Beyond Net Zero: The embodied carbon of MEP systems

Historically, operational efficiency has been the key objective for MEP systems, as their main carbon impacts were emitted during operation. To reduce the whole life carbon impacts of a system, however, we must look at both operational and embodied carbon. As heat pumps replace gas boilers, and as the National Grid decarbonises, the operational carbon impacts of MEP systems are reducing, while their embodied carbon contributions are coming into far sharper focus. 

We have collated our past project embodied carbon data to identify the MEP contributions towards total embodied carbon. In the table below, we have defined our results for upfront (A1-A5) and embodied carbon contributions (A1-C4) of all building services.
MEP contributions are reasonably consistent across building sectors, and mostly higher for refurbishment than new build. This is generally true across the industry, due to the lower architectural and structural impacts of refurbishments. Looking at the jump between upfront (A1-A5) and embodied carbon (A1-C4), we see MEP becomes a higher contributor over a building lifespan. Architectural and Structural impacts are largely upfront, while building services have in-use impacts – such as refrigerant leakage and replacement cycles – which become significant. 

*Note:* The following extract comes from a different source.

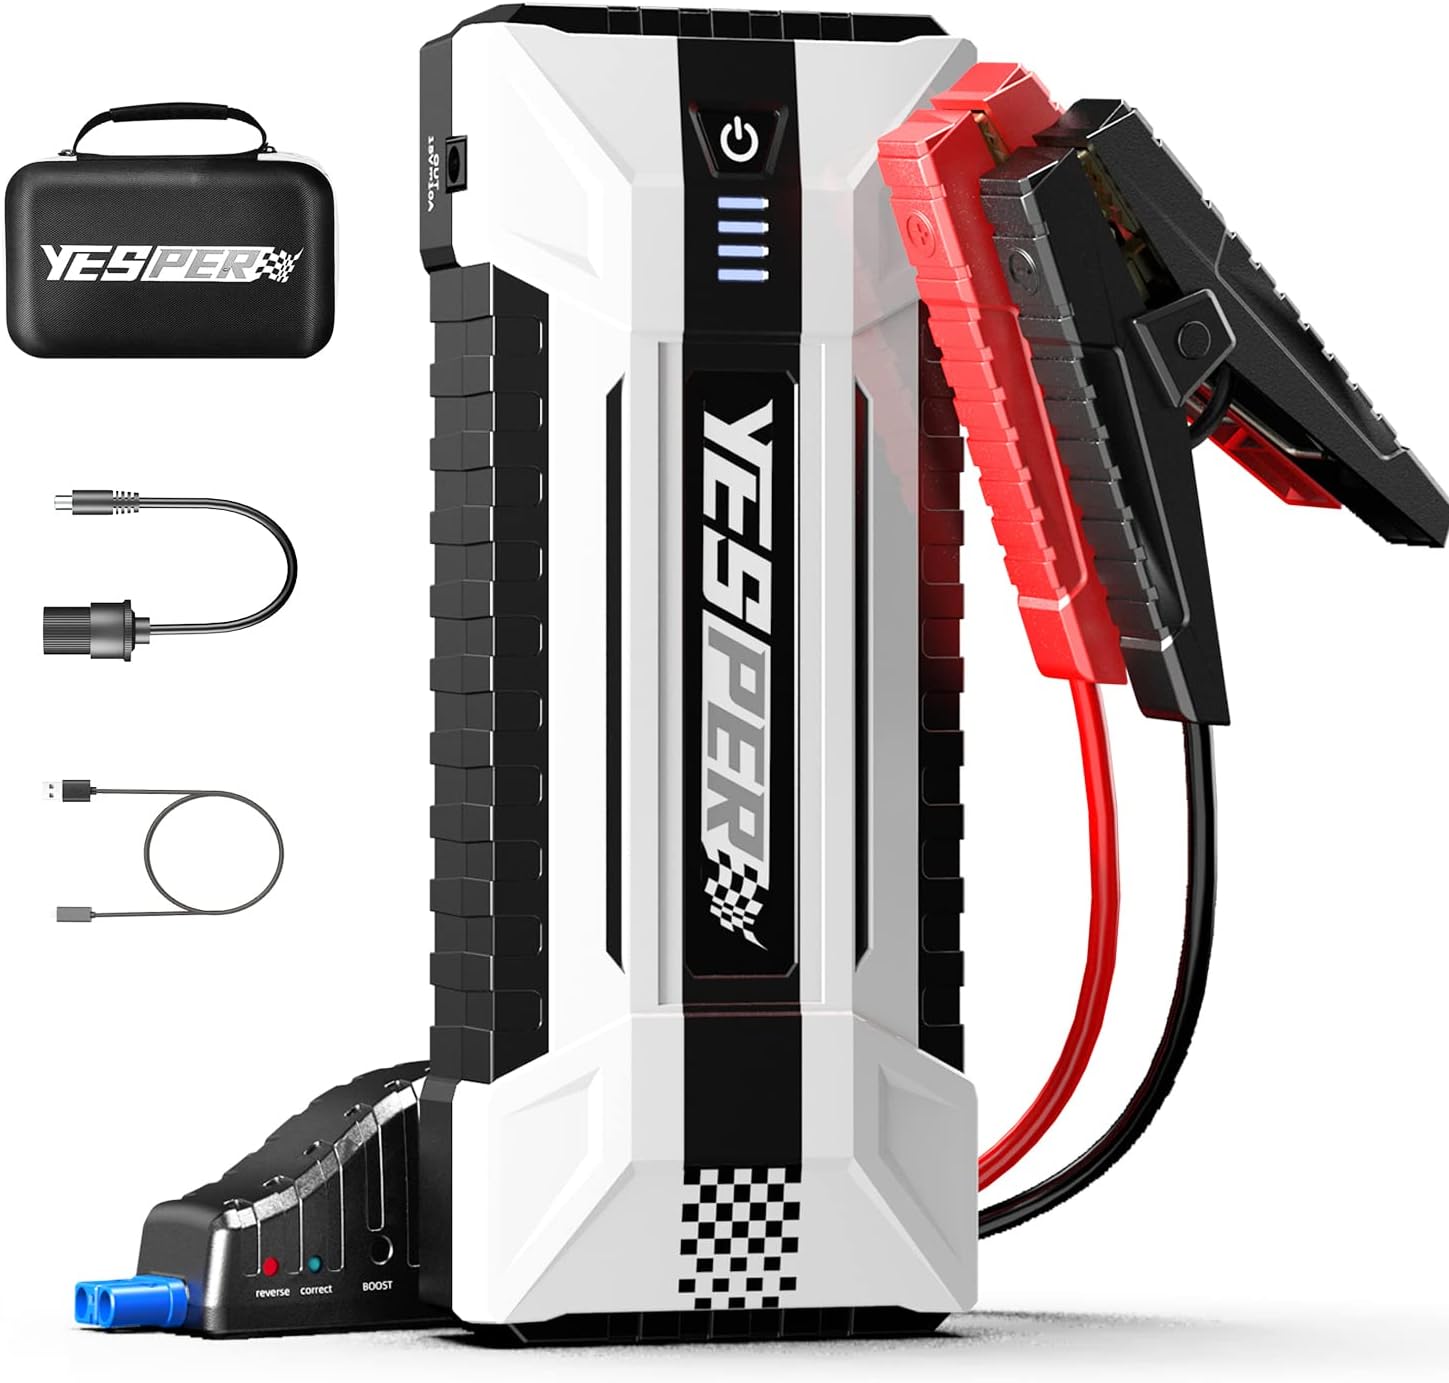 THE YESPER YJS40 CAR JUMP STARTER front view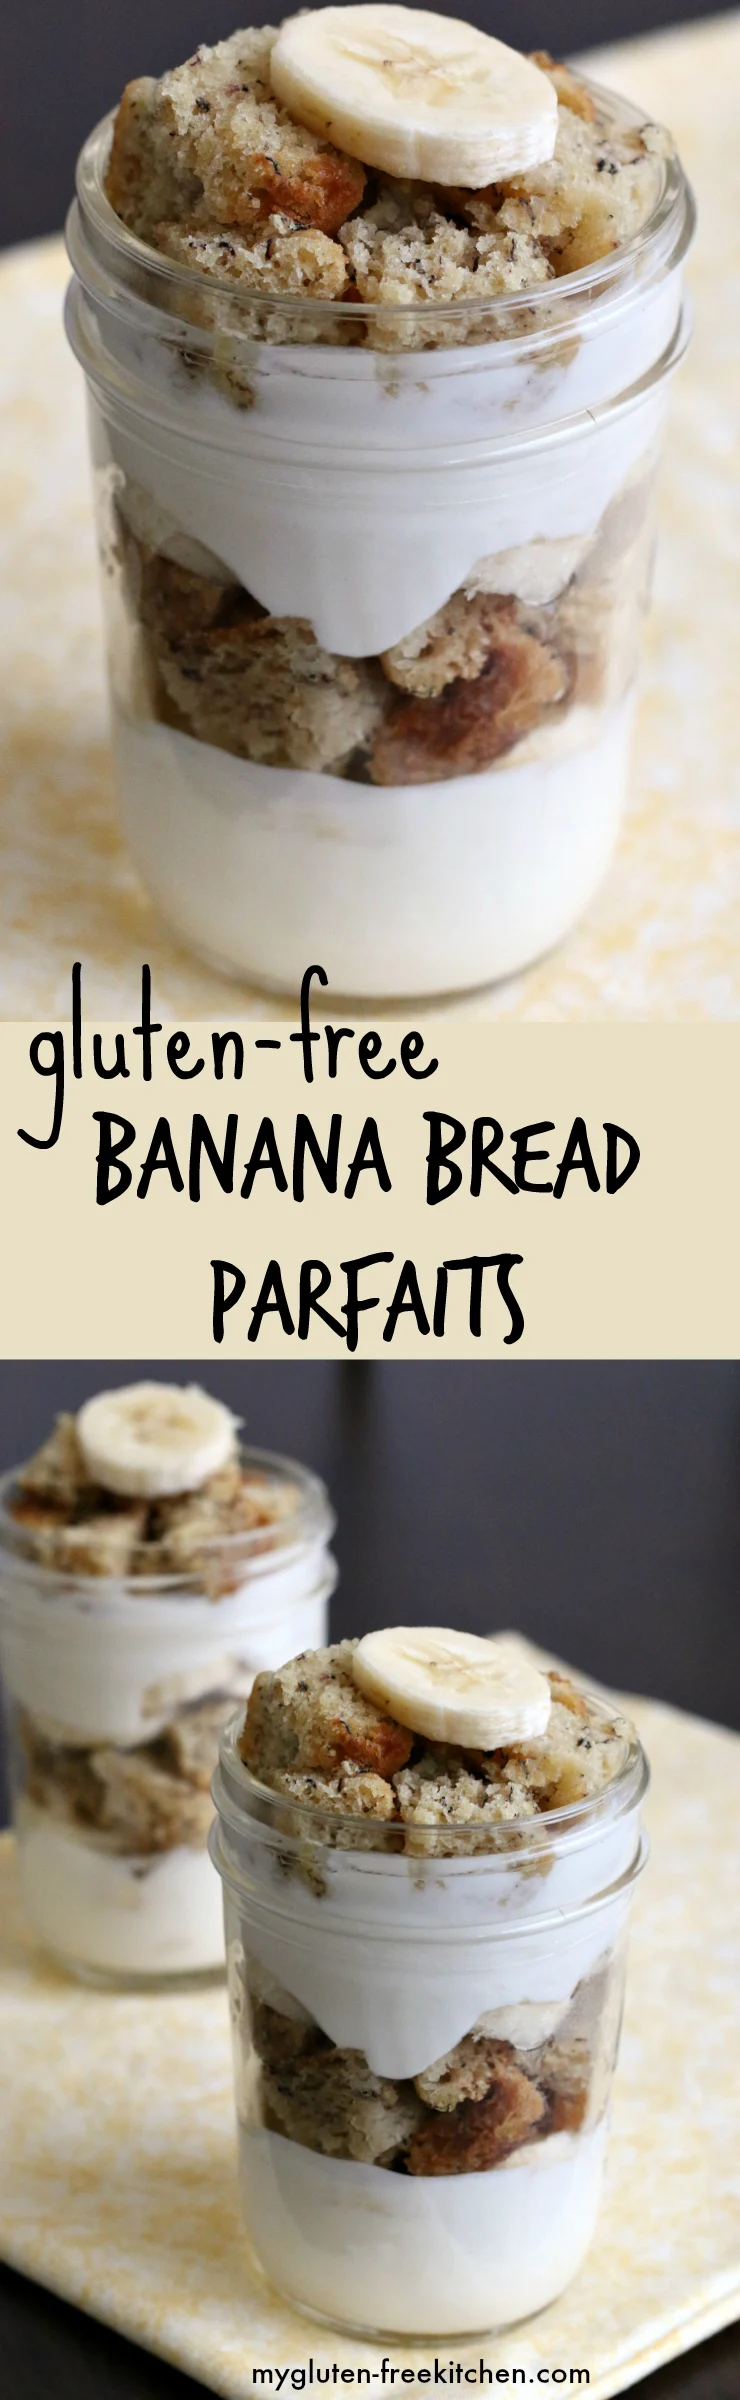 Gluten-free Banana Bread Yogurt Parfaits - This recipe got two thumbs up from everyone in the family!

The new version of BREEAM and the new UK Net Zero Carbon Building Standard (UKNZCBS) have defined targets for embodied carbon in both new builds and refurbishments across a range of building typologies. While these provide a useful whole building figure, there is little guidance on targets for specific design areas, such as MEP. Using our data, we have defined an MEP-specific upfront carbon (A1-A5) benchmark, compatible with an NZC future (overleaf). We hope that this will guide low embodied carbon MEP design, and set a reasonable target to work towards. 

While there is much still to learn about MEP embodied carbon, we believe there are certain things that the industry should adopt now:

• Heat pump selection: specify low GWP refrigerants and avoid over-sizing.
• Early-stage optioneering assessments in concept design: consider both embodied and operational carbon to inform design strategy, and minimise whole life carbon impacts.
• Improved modelling accuracy: expansion of an embodied carbon product database is needed to feed into MEP concept designs and specifications. We need to challenge manufacturers to publish their embodied carbon data on product ranges. Currently all models rely on ‘proxy products’ and have a large degree of uncertainty built in.  

In the future, there may be a limit to which we can reduce our impacts through ‘business as usual’ product specifications. As targets become stricter, projects will have to adopt refurbishment and circular economy principles to achieve accreditation. This is a rapidly developing business area, which may change how we approach procurement and specification in construction industry.

Above all, efforts to reduce embodied carbon must be a combined effort of multiple disciplines if they are to succeed. Design decisions are interconnected, and benefits in one area may have impacts on another. Decisions such as plant location and floor-to-ceiling height will have significant implications for MEP design, structure and architecture. Effort should be made to improve our understanding of these relationships, so we can implement low embodied carbon design principles at an early project stage.